Thursday, March 28, 2019

Men Don't Leave

Men Don't Leave (Paul Brickman, 1990) More significant than what a film-maker produces after they win "Best Picture" is what they create after they've had enormous box-office success. Men Don't Leave is the film Paul Brickman made after the mega-successful Risky Business, which made a star of Tom Cruise. An Americanized version of La vie continue, written by Hollywood insider Barbara Benedek, it tells the story of the Macauley family (Jessica Lange, Chris O'Donnell, Charlie Korsmo), set adrift after the sudden death of the father, leaving them with debts and an unfinished house.

They pull up stakes and move from their idyllic (though incomplete) home in the woods to urban Baltimore, where the three must cope as best they can with their grief and their circumstances, grief not only for the father, around whom the family seemed to revolve, but also for the life that his death, scatters to the four (or, I should say the three) winds. 

The family fractures in their three different attempts to create a new life that resembles the old.
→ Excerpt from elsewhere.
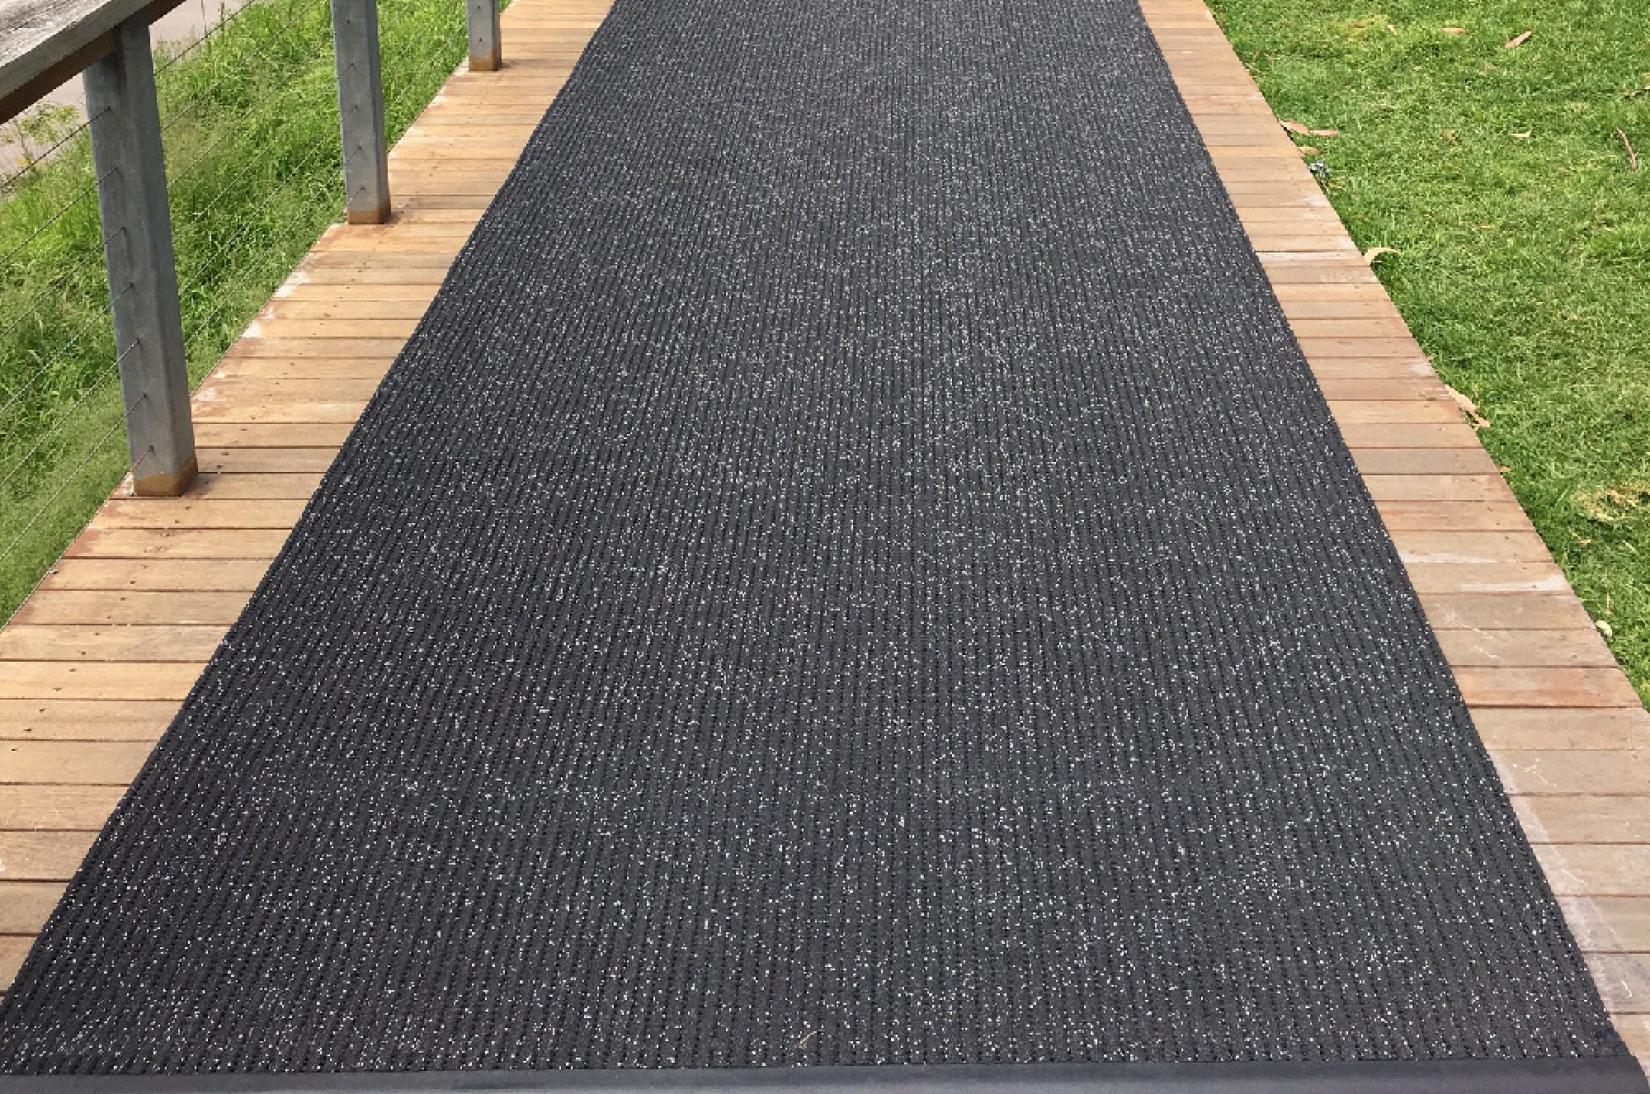 AKOplus Safety Entrance Carpet Mat School Education Anti Slip

Beth (Lange) takes on the father's all-controlling mode and goes to work at a bakery with a monster-boss (Kathy Bates, right on the cusp of stardom in a tough, unsentimental role), son Chris (O'Donnell) tries to be the man of the house but is pulled away, beginning a relationship with an older nurse, Jody (Joan Cusack), and young Matt (Korsmo, showing what a natural, affecting actor he could be in the first role of his short career) takes to stealing VCR's to buy lottery tickets in an scheme to win enough money to try and buy the family's house back.
As a film, it is a complete turn-around from Risky Business, which was cold, cynical, and shot with a clinical eye for composition. Men Don't Leave, is warmer, more desperate, and feels more real despite some contrivances in plot—I'm not sure a hot air balloon ride could snap one out of a "stuck-in-bed" depression, but having taken one, I know that it couldn't hurt, putting into reality a perspective change that's cathartic. Brickman still manages to produce arresting images that grab your attention and produce an odd counter-point to the comedy. The film also benefits from a quirky, textured Thomas Newman score. I suppose what I like most about it is the view that catastrophes come and catastrophes go, but life—not the same life, but a life—does goes on and, however you approach it, standing still or expecting the world to change your circumstances for you is futile.
And the performances are spot on—sometimes frustrating, sometimes inexplicable—make the characters human beings and not a collection of personality ticks. My memories of the one time I saw it are vivid (it didn't last long in theaters and only was released to DVD in late 2009 through Warner Brothers Archives site), so it's on a short list of films I want to re-view to see if my first impressions have held up over time, or if the film merely touched my individual buttons. Jessica Lange says that more people talk to her about Men Don't Leave than any of her other films, so I suspect it's the former.